Appleを偽装していますが、URLがめちゃくちゃです

2)変な日本語や誤字脱字をチェック
 詐欺メールのほとんどは海外から来ます。下手をすると翻訳サイトの直訳で、手が込んでいても外国人が翻訳しています。そのため、「Amazonをご利用いただきありがとうございますが」や「アマゾンアカウントで何ができるか的を絞って下さい」といった変な日本語になっていたり、誤字脱字が目立ちます。気になるミスを見つけたら、スルーせず、詐欺だと考えるようにしてください。

3)問い合わせ先をチェック
 ネットショップ詐欺などでは、ウェブサイトの問い合わせ先をチェックしましょう。詐欺サイトでは、電話番号の記載がなく、問い合わせ先そのものを用意していないことがあります。また、問い合わせ先のメールがあっても、フリーメールアドレスなら詐欺を疑いましょう。

4)企業情報をチェック
 そのサイトを運営している会社情報をチェックしましょう。会社名や社長の氏名、電話番号などを検索してみましょう。一発で詐欺だと言うことが分かるケースが多々あります。一切検索にヒットしないのも詐欺の可能性があります。問題は、既存の第三者の情報をかたっている場合です。本当に、そのサイトを運営していそうかどうかを確認しましょう。全く関係なさそうなら、近寄らない方が賢明です。

5)口座名義をチェック
 銀行振り込みで前金のみ、というパターンは口座名義をチェックしましょう。会社名やサービス名と関係ない個人名だったりするなら、ネット詐欺の可能性が高まります。特に、外国人名義の個人口座に振り込むと、被害金額を取り返すのも難しくなります。また、クレジットカードだから安心と言うこともありません。その場合でも、他のチェック項目を軽視しないようにしましょう。

6)自分で検索して元サイトをチェック
 アカウントを停止するとか、セキュリティで再設定が必要というメールが来ることがあります。その場合、メール内のURLを開かず、ブラウザーを開いてGoogleで検索して元サイトにアクセスして確認しましょう。
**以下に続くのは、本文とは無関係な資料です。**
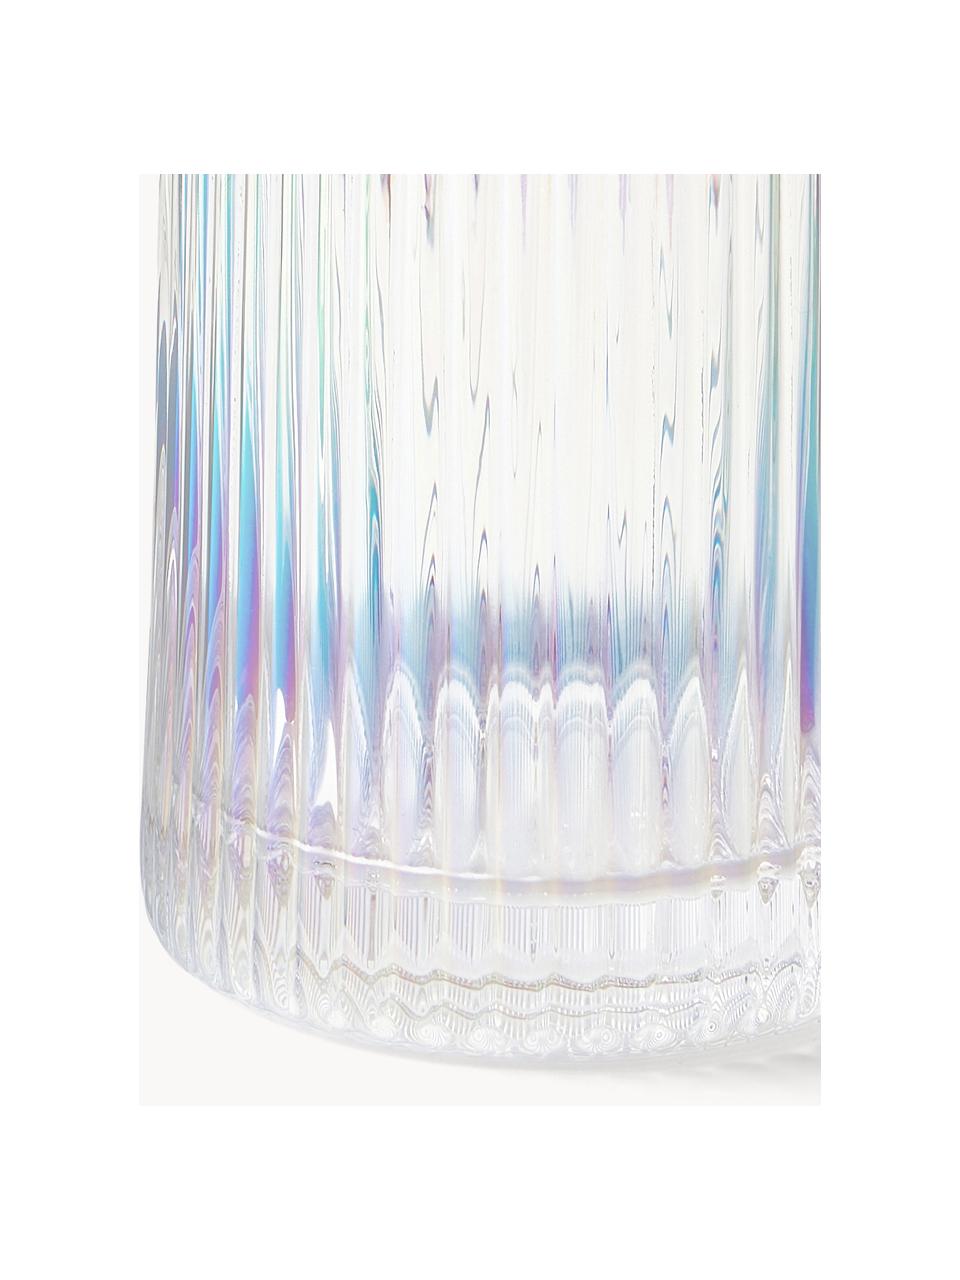 Carafe à eau en verre irisé et strié Minna de Guglielmo Scilla, 1

同じ情報がお知らせなどにあればOK、ないならネット詐欺の可能性が高まります。

7)価格やサービスが常識範囲かどうかチェック
 憧れの高級品が欲しくてネットを見ていたら、明らかに安いショップを発見することがあります。まず、一般的な価格帯を大幅に超えて安いなら、その時点でネット詐欺を疑いましょう。転売しても利益が出そうな価格で商品が売っていると思わないことをお勧めします。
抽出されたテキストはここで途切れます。